(Exercise instructions) Begin the copy at the line containing "Spain, Canary Islands, Fuerteventura, Beach" and end it at the final line of the material below, reproducing each line exactly, without images.

(Data shown)
================================

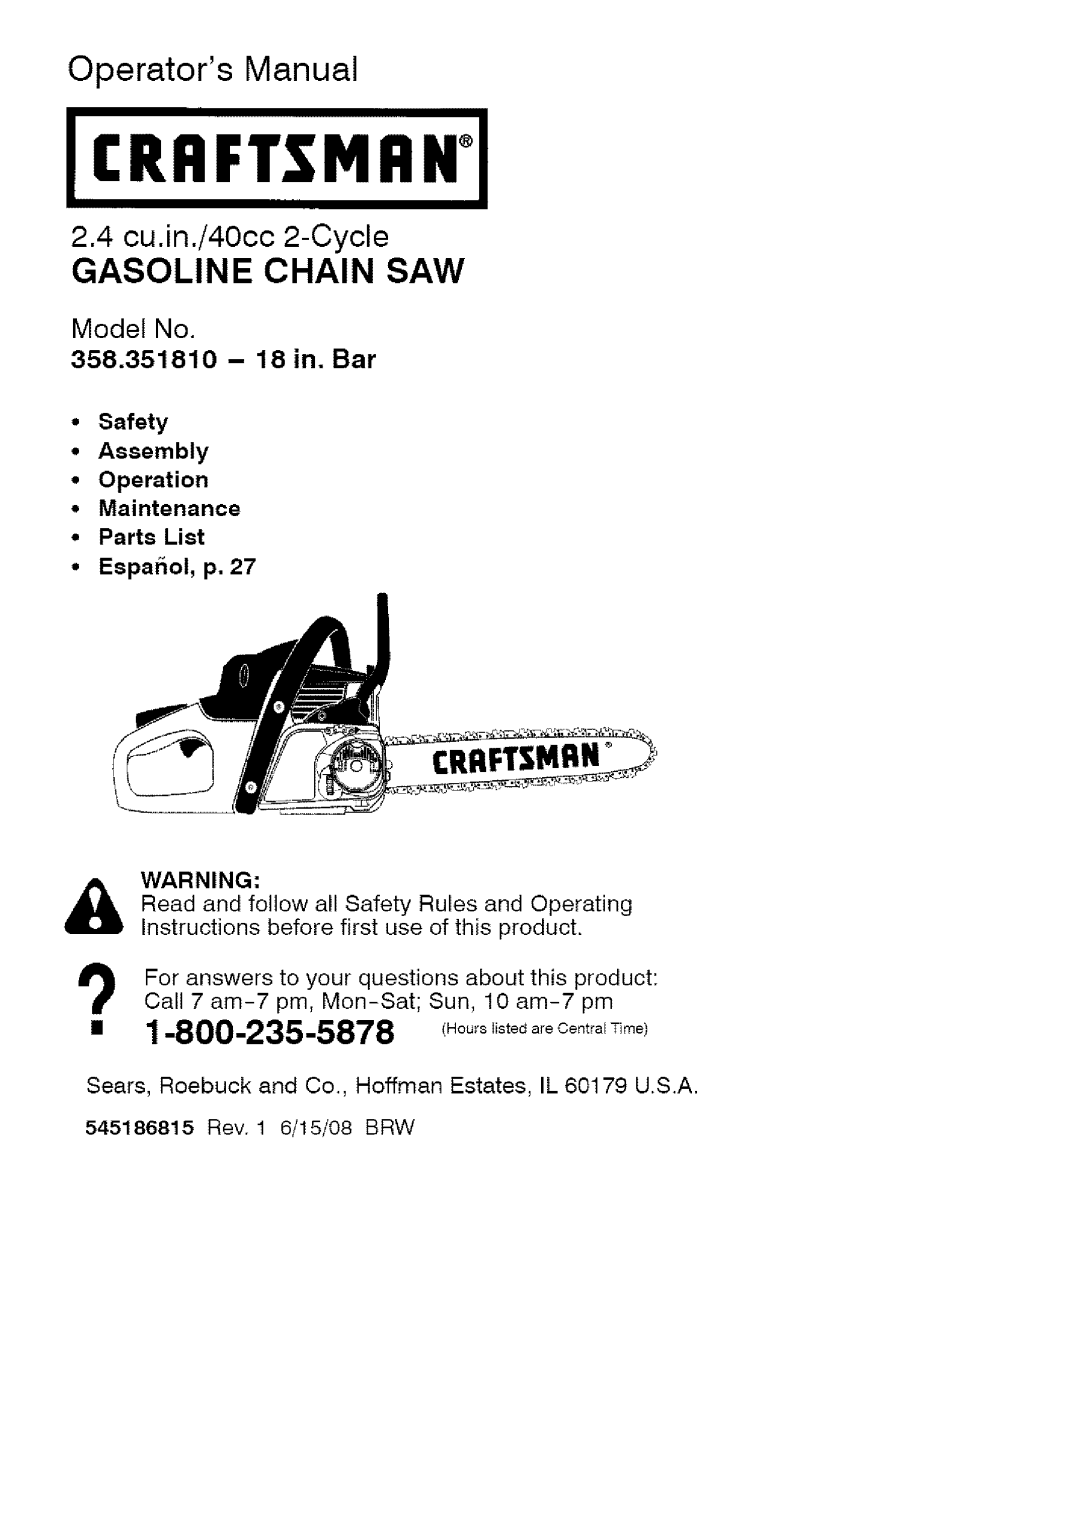 Craftsman manual Model No, 358.351810 - 18 in. Bar, Operators Manual 2.4cu.in./40cc 2-Cycle, Gasoline Chain Saw 
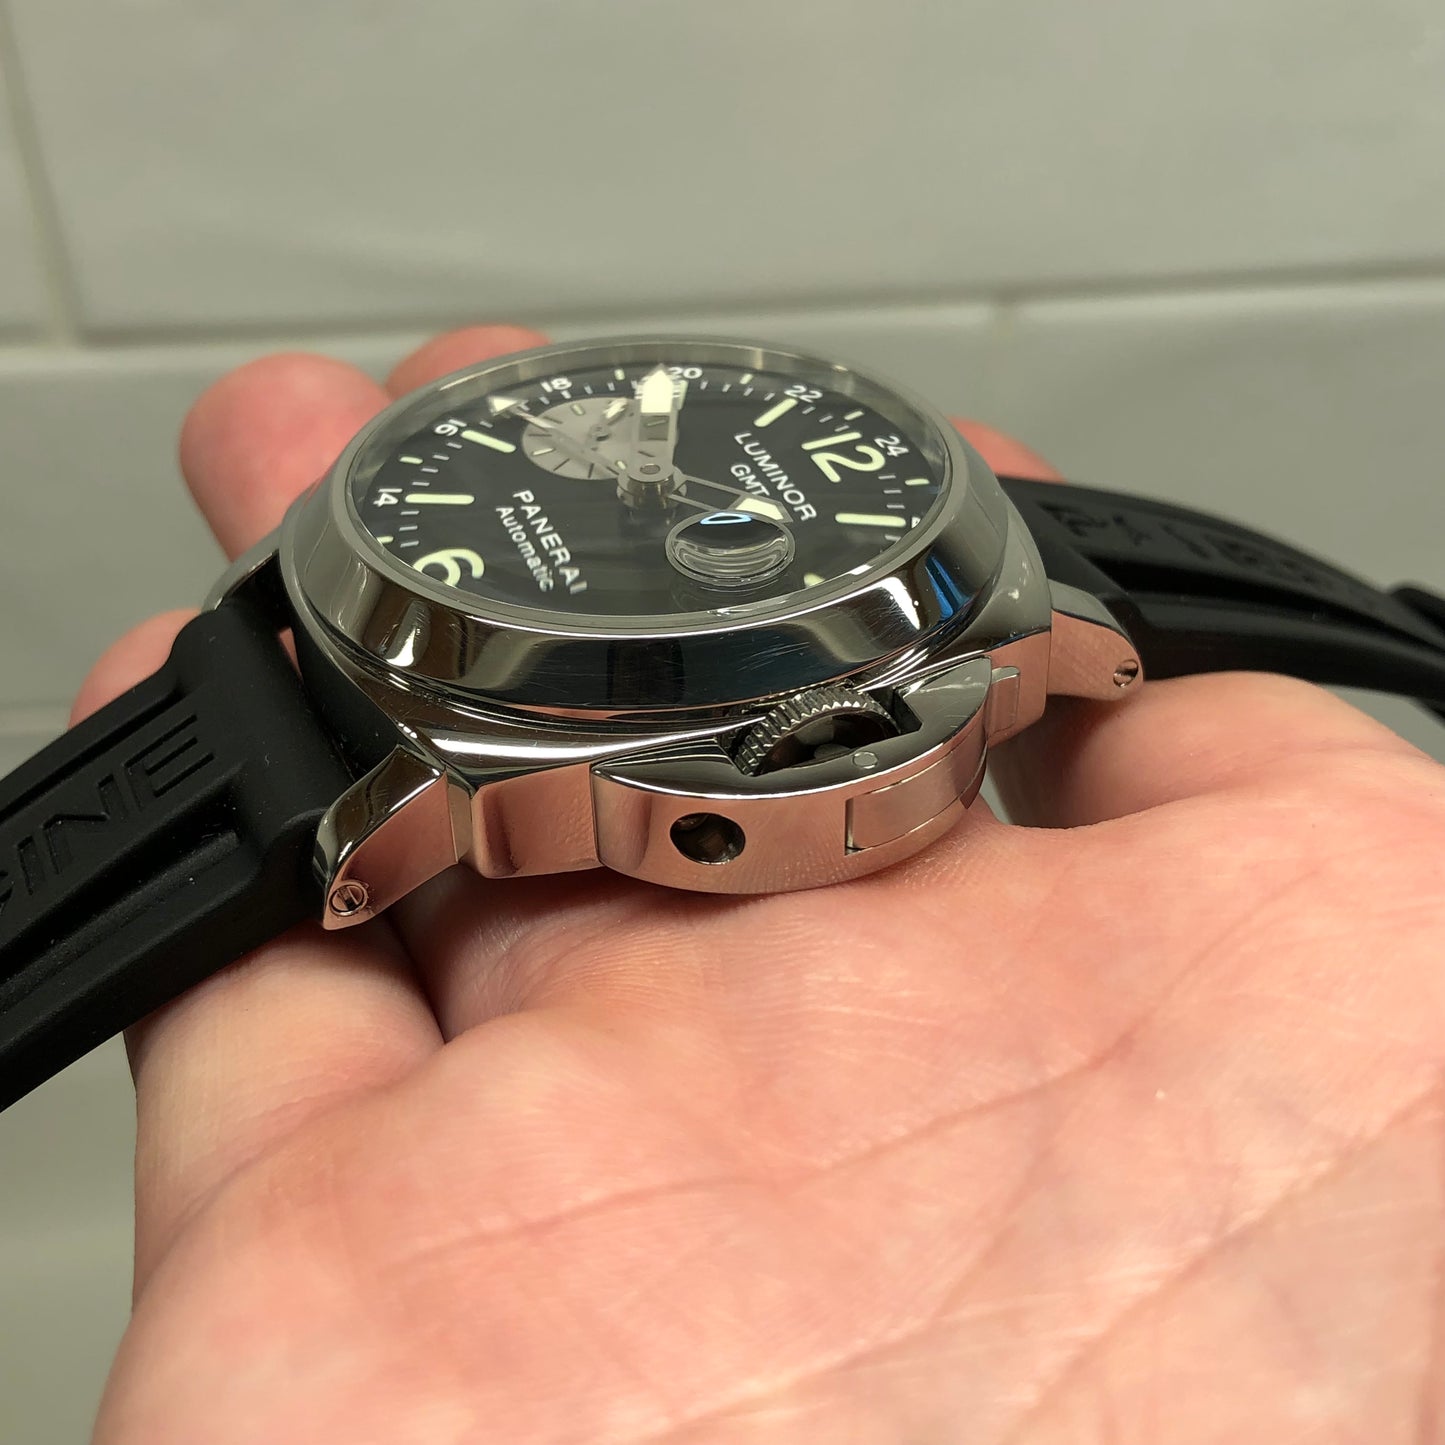 2002 Panerai Luminor GMT PAM 88 Automatic Stainless Steel 44mm Wristwatch - Hashtag Watch Company
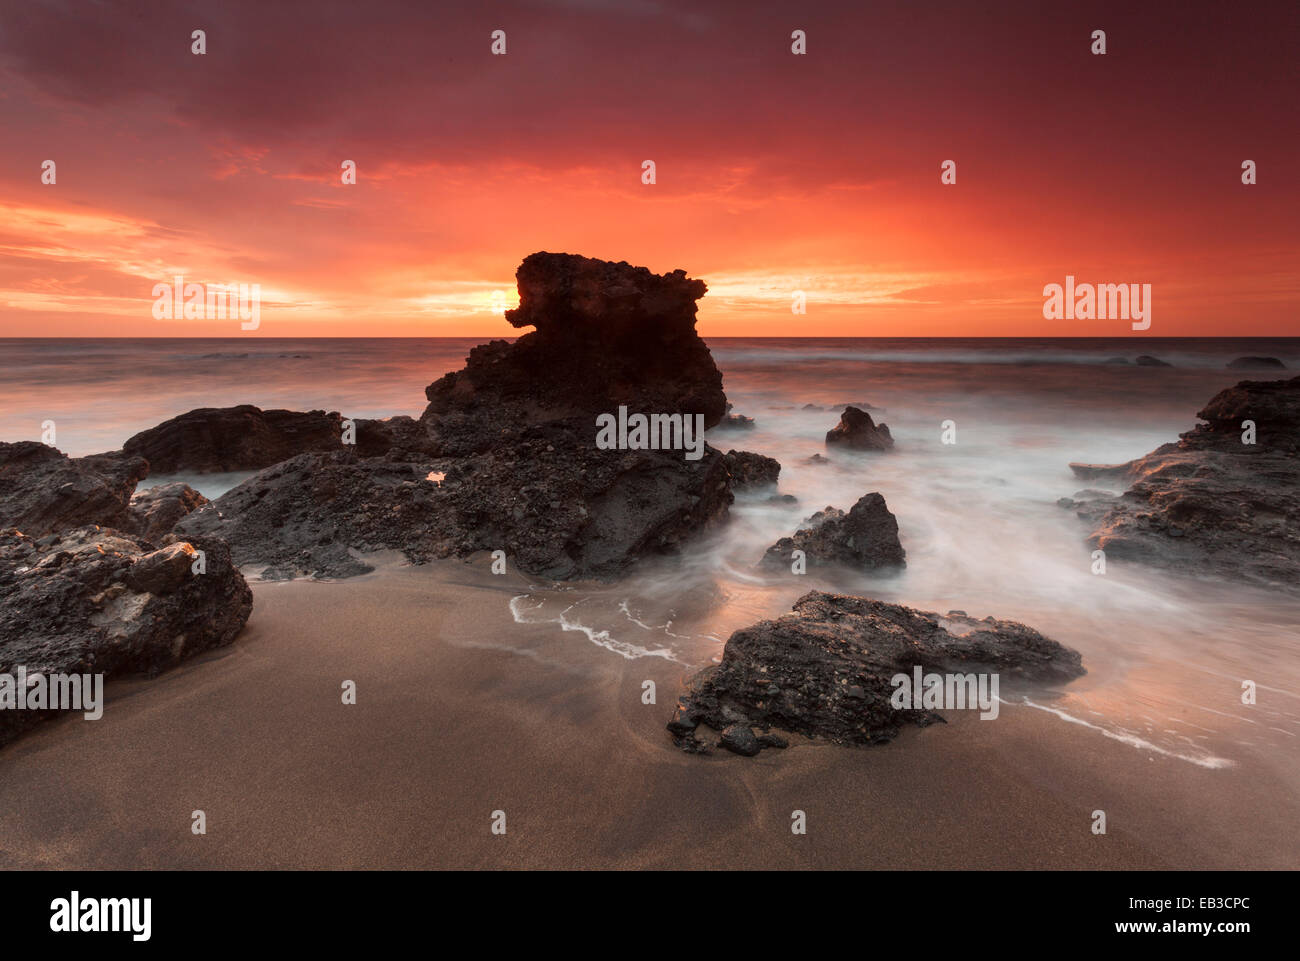 Spain, Canary Islands, Fuerteventura, Beach at sunset Stock Photo
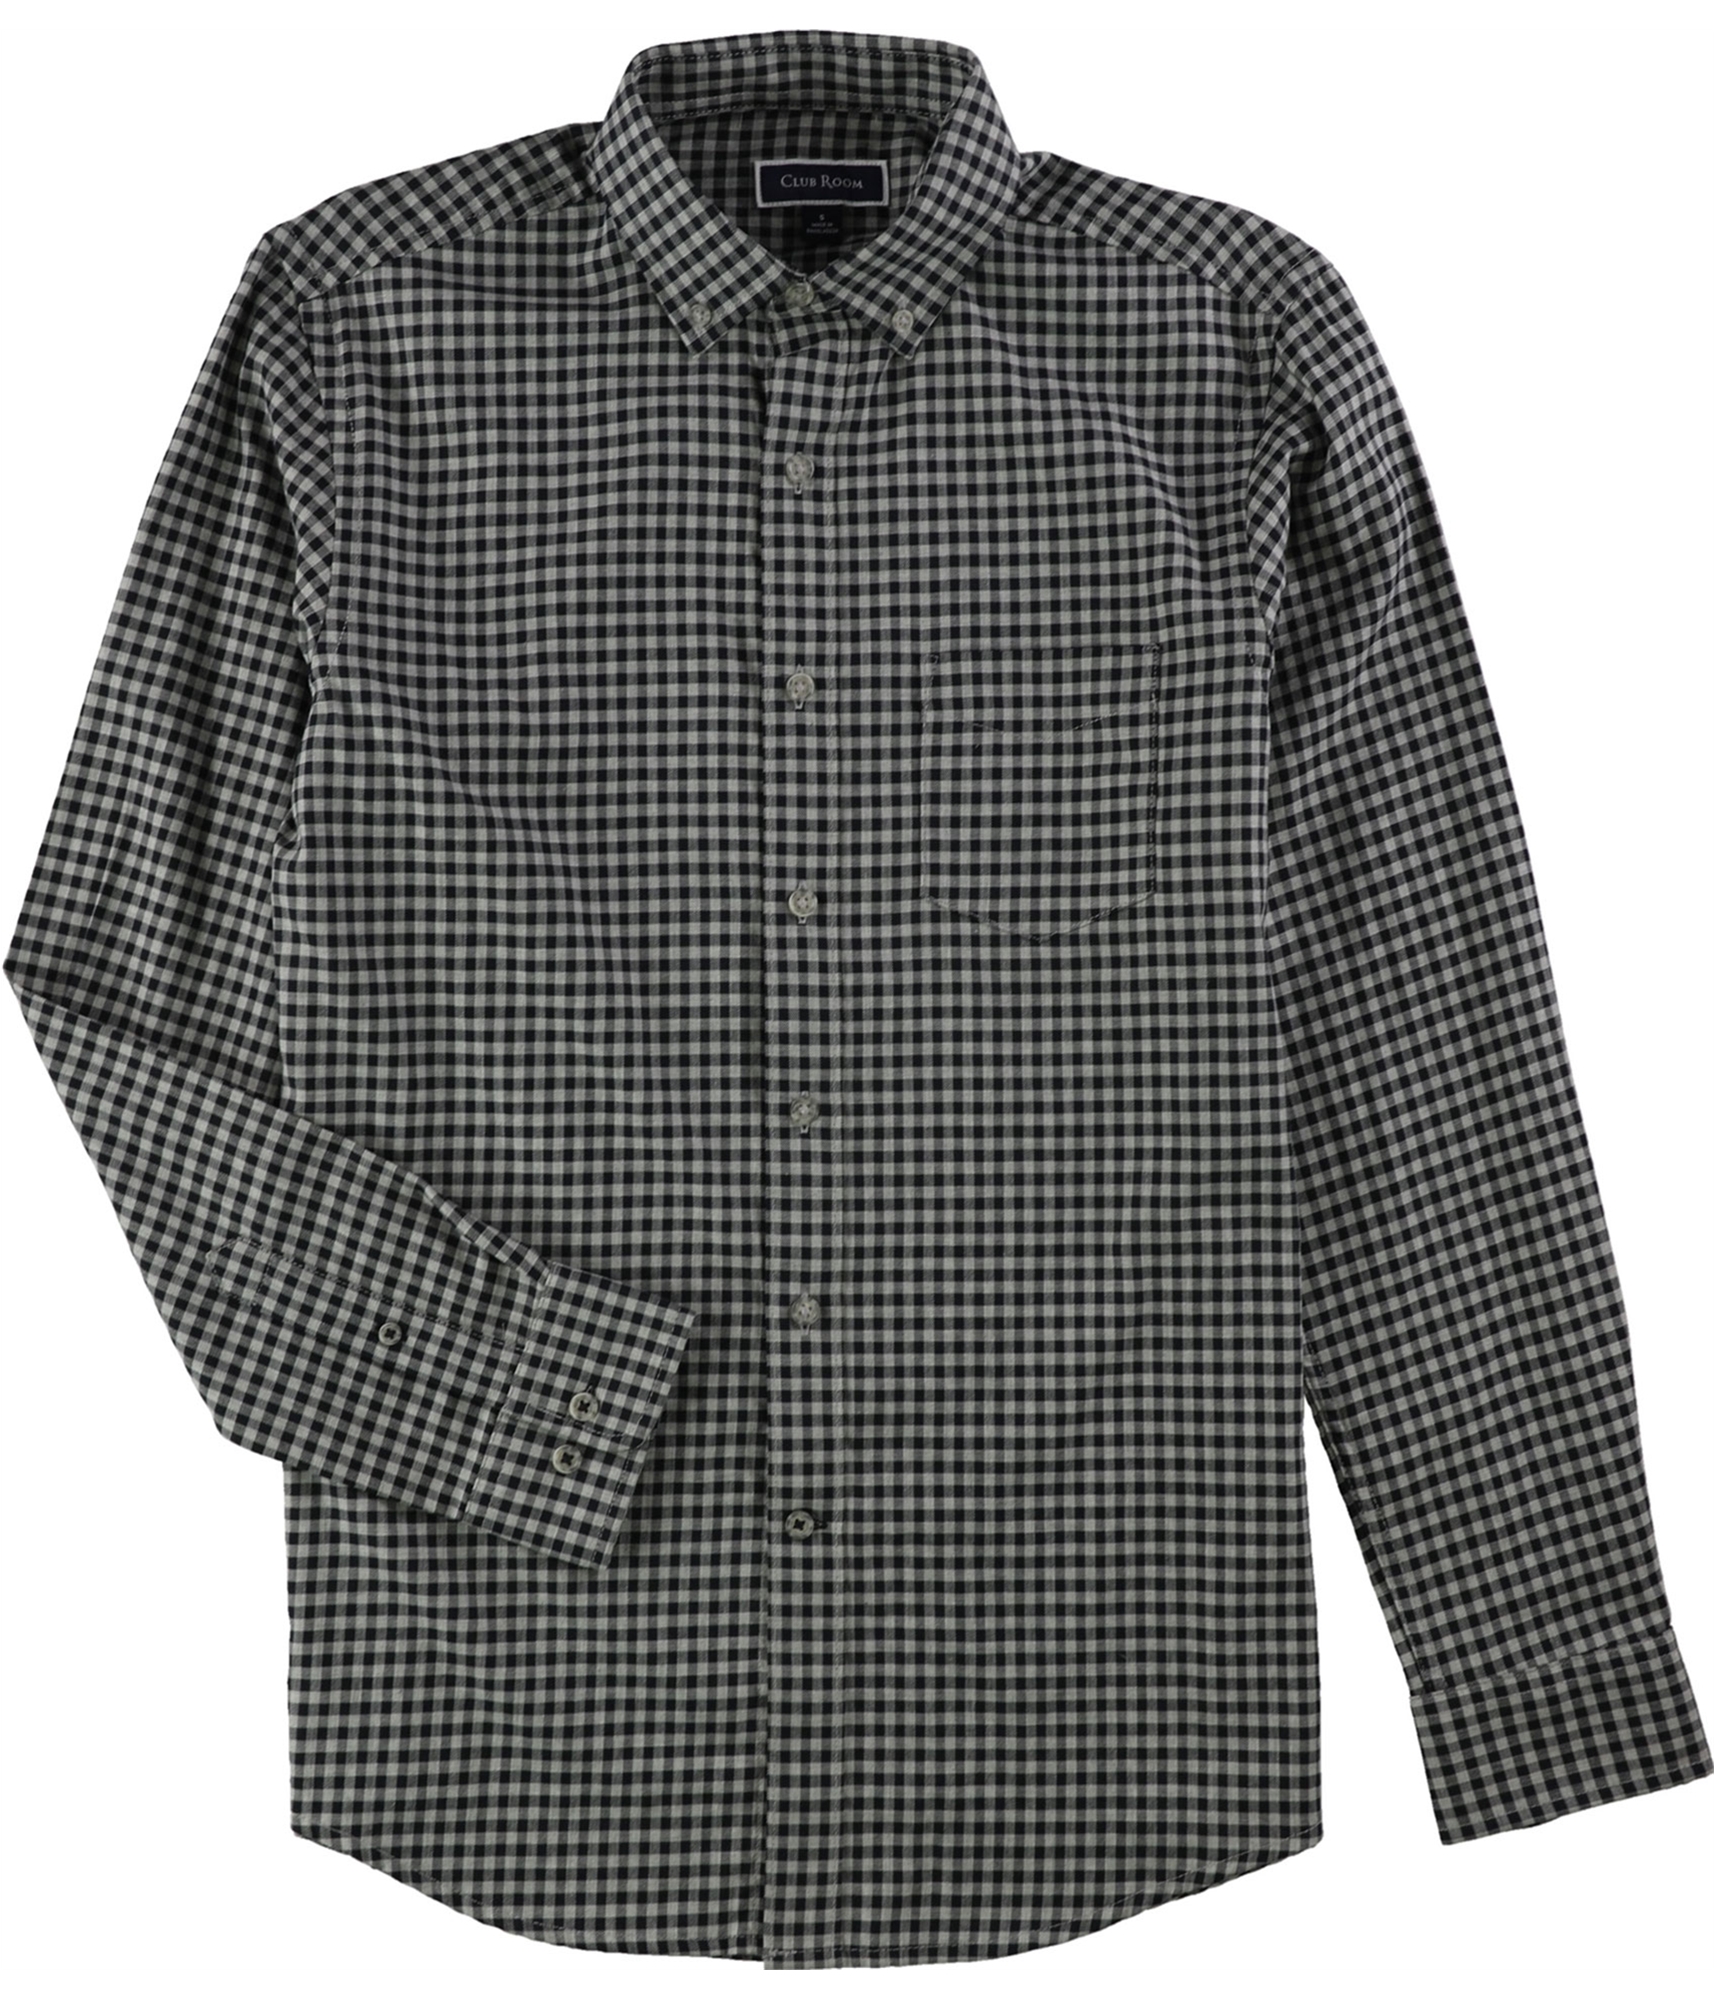 Club Room Mens Checkered Button Up Shirt, Grey, Small | eBay

================================

(Exercise solution)
 Spain, Canary Islands, Fuerteventura, Beach at sunset Stock Photo
 Club Room Mens Checkered Button Up Shirt, Grey, Small | eBay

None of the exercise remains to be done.